In this approach, we strive to strike a balance of daily customer interactions – like answering tickets – and longer-term projects – like writing help documentation and building reporting systems. We work with engineers to design and build tools that help us do our jobs. We reciprocate that help by using these tools to investigate bugs and other product issues that might otherwise take up a lot of the engineers’ time.
The way we do things helps to avoid UO burnout, but the main benefit is that we can collaborate closely with the Product Team, ensuring that the customer voice plays a key role in product development.
When I talk to other people who work in support, I often hear complaints that the product team doesn’t listen. For example, the Support Team will have taken a week to put together a huge and thorough report on issues customers are having with the product. This report will include detailed solutions, and the Product Team will ignore all of it. Then the Product Team will go and do the same kind of research all over again.

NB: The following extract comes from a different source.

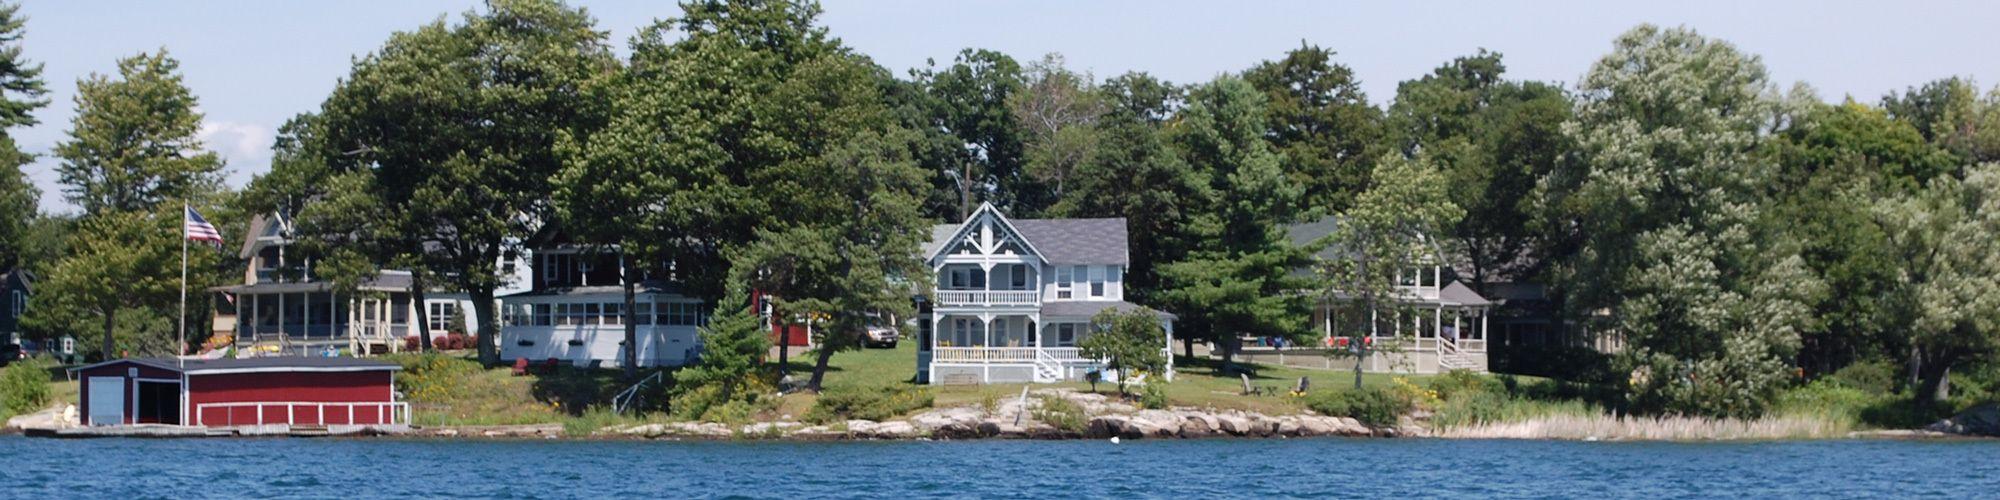 Island Park - EdMcNultyRealty com

One interpretation may be that the Product Team just doesn’t trust the Support Team’s analysis, but I think it’s actually because non-product teams find it easier to suggest solutions, rather than frame problems in ways that help Product do its job.
I have found that the best way to approach this issue is to treat the product team like our client. When we, as a support team, adjusted our lens in this way, we (and the customer voice we represent) instantly became more integrated in the product development process. I believe that through this simple perspective shift (and a bit of empathy and understanding) any modern Support Team can become an invaluable source of input to Product.
At Asana, this collaboration has become a two-way street: we ask what the Product Team wants to know; they give us a heads up to look for specific issues that might come up around a launch. Later, when they are trying to figure out how to prioritize new features, they can come to us to get a sense of their demand.
This has became a continual process that happens on a weekly (even daily) basis. It keeps everyone engaged and flexible, and gives UO variety in our work.
Because our entire company uses Asana, our software provides us a way to distribute knowledge in any direction, to any part of the company. Whether it’s in reporting specific issues to the product team, helping engineers investigate bugs, or sharing ideas for help content with the marketing team, Asana helps UO offer our deep understanding of our customers’ experiences to every part of the organization.
UO can file customer bug reports with reproduction steps in an Asana task. PMs and Engineers can be added as followers and help prioritize the task. The bug’s task can then be Hypertext linked to other relevant existing tasks for more context. We can have discussions in comments about how we’ll fix the root issue and when we expect that to happen. UO can see the process and know exactly when we should follow up with the customers.
We also use an Asana project to distribute weekly reports of customer interactions to the product, sales and marketing teams. These reports come from a combination of automated scripts running on our ticketing system and manual interpretation. They contain both quantitative and qualitative information to give a more complete picture of the customer experience.
By using a combination of cross-functional teamwork, custom-developed tools and the Asana product, we have moved away from the traditional, isolated support model. We have become a more integrated and valuable support organization that has meaningful input into the product development process.